Once the basic needs of all could be met and organized capitalistically, the further development of capital accumulation could take directions quite unrelated to the direct requirements of economic reproduction. Indeed, this was also part of Marx's critique of capitalism: significant funds could be invested in ways that did not benefit society at all, with the effect that activities and assets essential to maintain society's well-being might be starved of funds. That is, within certain absolute limits, the requirements for physical reproduction and for capital accumulation might not be the same at all. Capital would be invested for profit, but basic necessities might be ignored. An example might be the 2007–2008 world food price crisis, which indicates that insufficient capital has been invested in food production.

This might seem strange, since food is a basic requirement of human life. But, as Marx would presumably argue, what makes a profit is not necessarily what people really need, and therefore the possibility exists that profit making may undermine the most basic conditions for economic reproduction, including the supply of food and clean water, sanitation, adequate shelter, schooling, health care, and the like. These conditions are undermined not because capitalists dislike investing in these things—they might love to invest in them, if they could—but rather because it is difficult to make a secure profit from doing so. The required investments may be very large and long term, tying up capital for many years, but either there is no possibility for profit or it is uncertain whether a sufficient profit can and will be made. If, for example, foreign investors invested in a country's essential infrastructure, a falling currency exchange rate some years later might wipe out the profits they could get. Therefore, such investments could occur only if foreign or local government authorities (and ultimately taxpayers) subsidized them (or at any rate, if they acted as a guarantor for the investments), or if financial institutions could find sufficient financial insurance to protect the value of investment capital through terms that reduce financial risk to investors.

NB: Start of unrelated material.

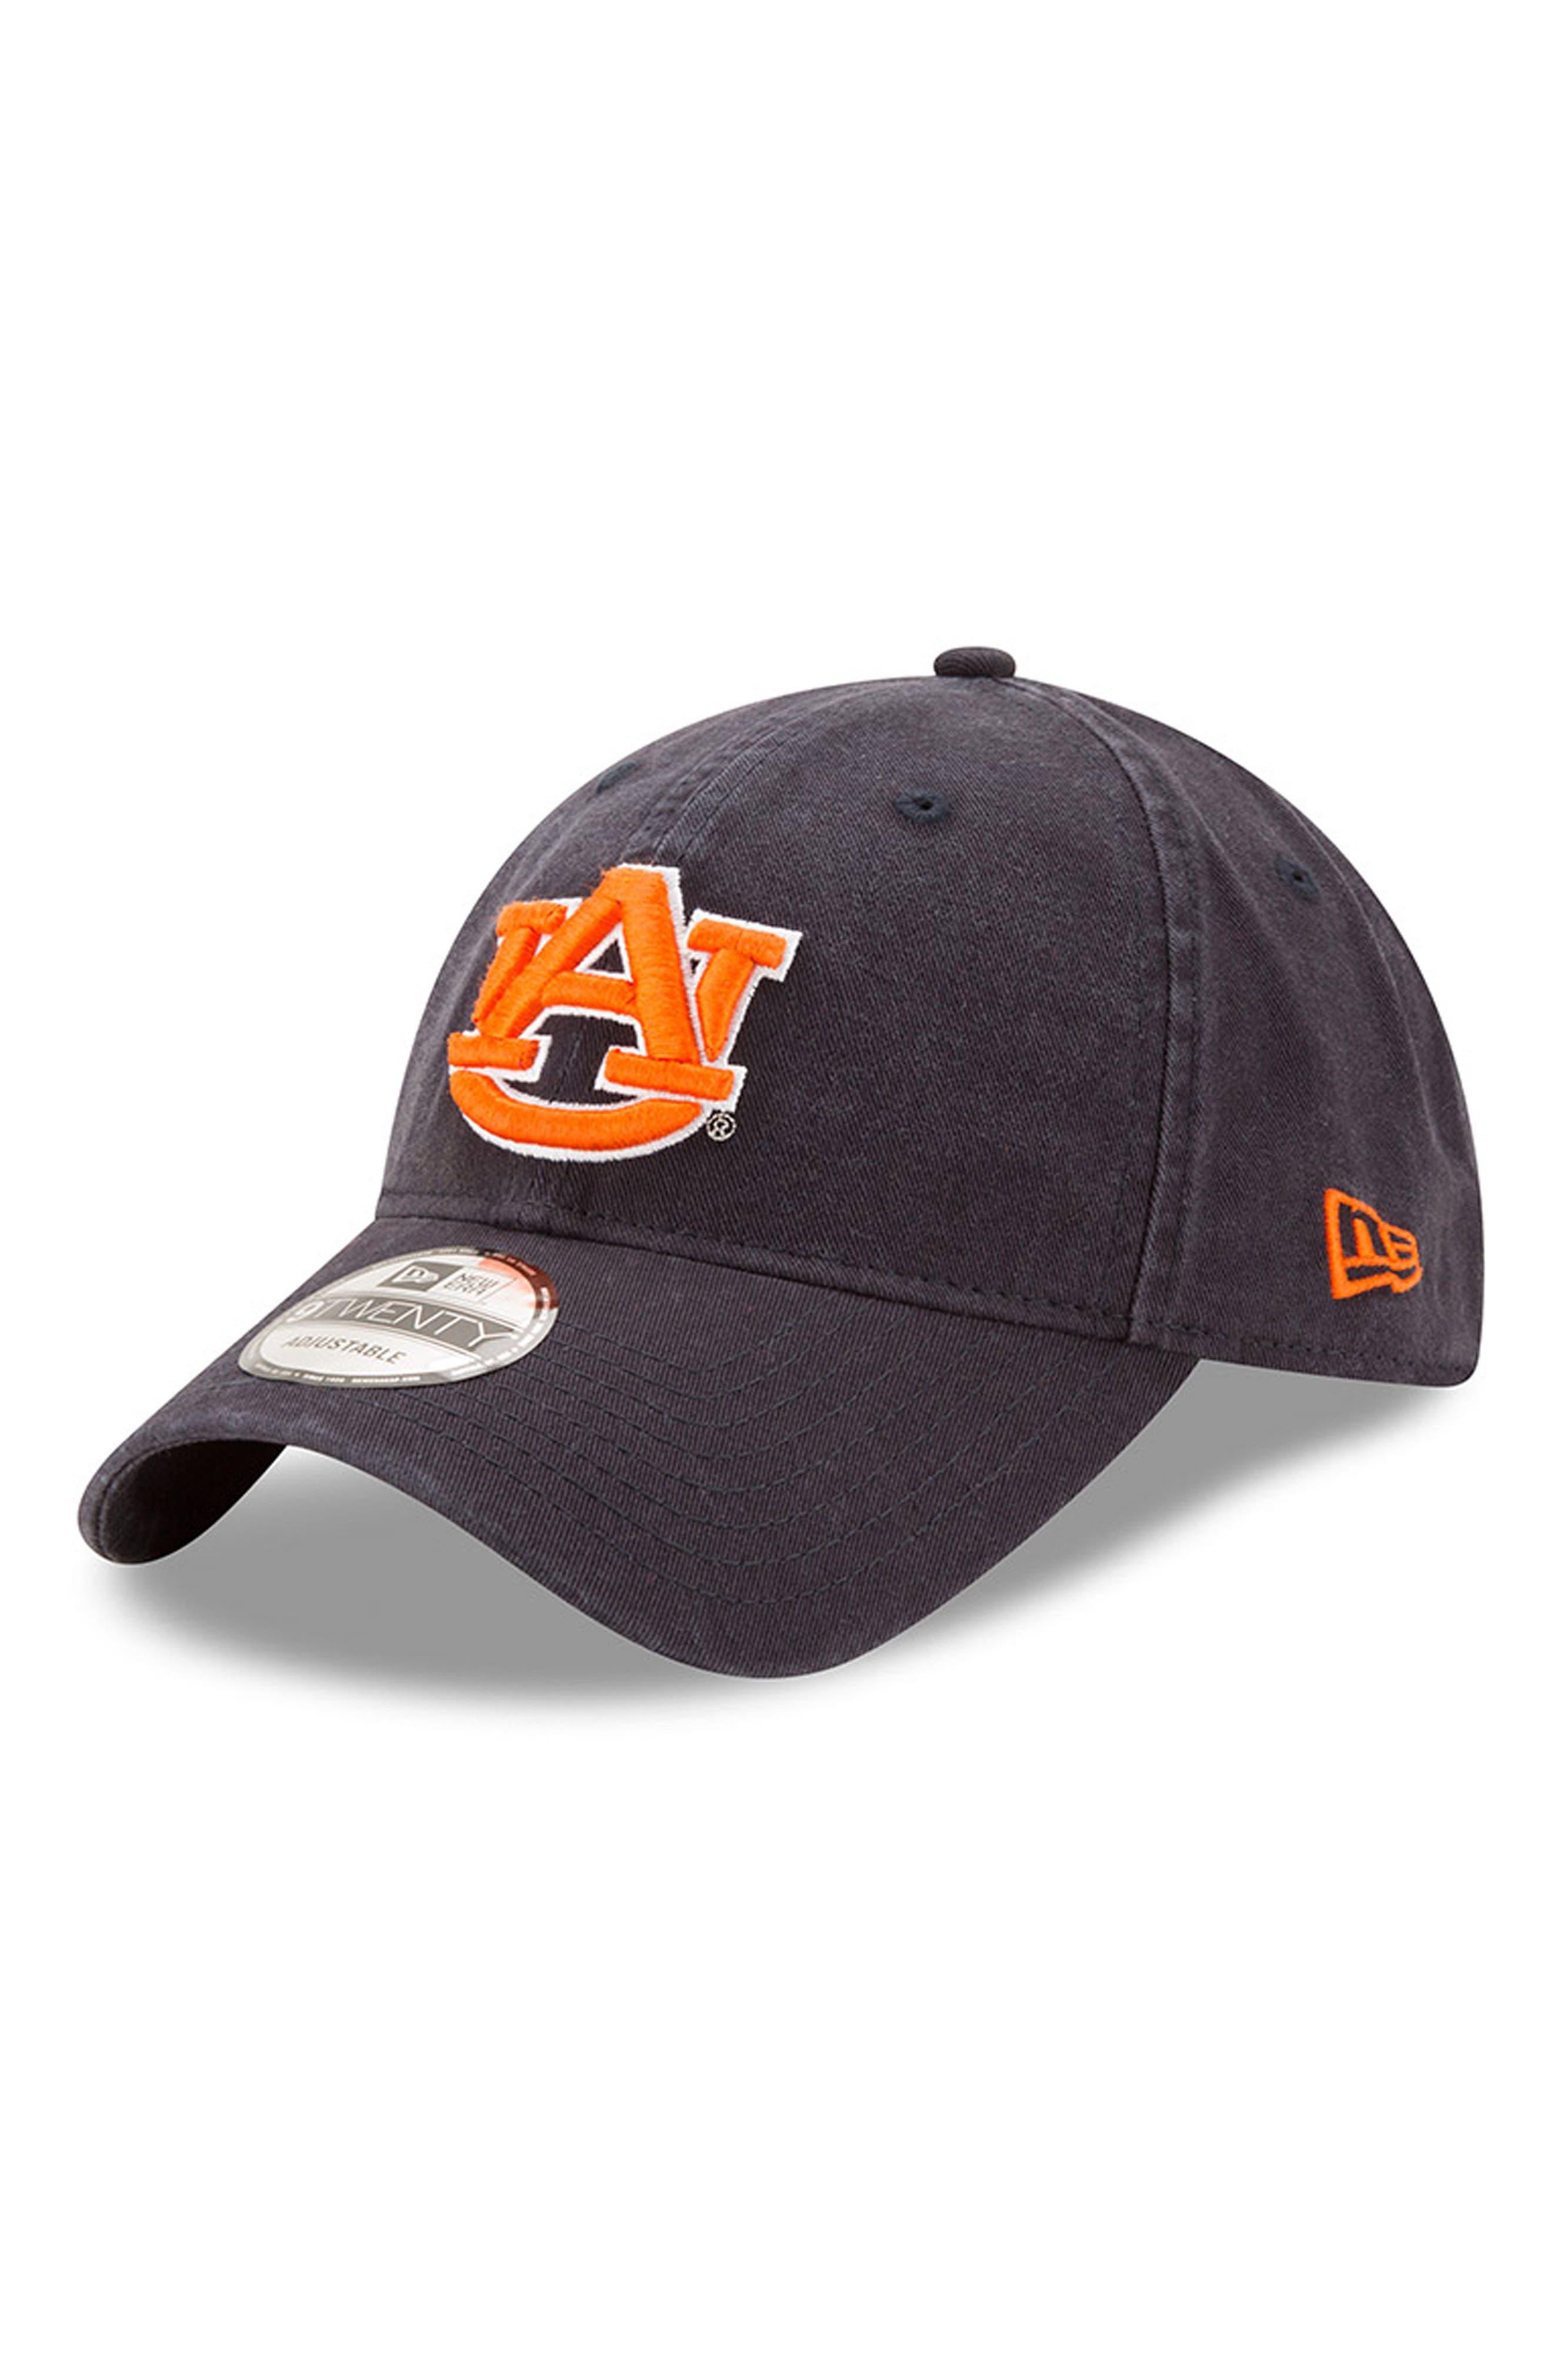 New Era Collegiate Core Classic - Auburn Tigers Baseball Cap,                         Main,                         color, Auburn Tigers

==Reproduction of labor power==

Reproduction can also refer to the worker's daily reproduction of his or her own labor power. This consists of the tasks of everyday existence—food preparation, laundry, and so forth—that maintain the worker and his or her ability to work. Since roughly the 16th century, much of this domestic labor has been made the responsibility of women, through various developments put in motion by powerful institutions in the transition period from feudalism to capitalism. Adding to the process of social degradation of women in that period was the devaluation of the reproduction of labor. As Silvia Federici notes, "In the new monetary regime, only production-for-market was defined as value-creating activity, whereas the reproduction of the worker began to be considered as valueless from an economic viewpoint and even ceased to be considered as work". Thus it is of particular interest in feminist economics. For example, it was reported in 1988 that the paid work done by both men and women outside the home in West Germany totalled 55,000 million hours a year, earning them a total of $335 billion; but housework done by women inside the home totalled 53,000 million hours a year, which earned them no salary at all.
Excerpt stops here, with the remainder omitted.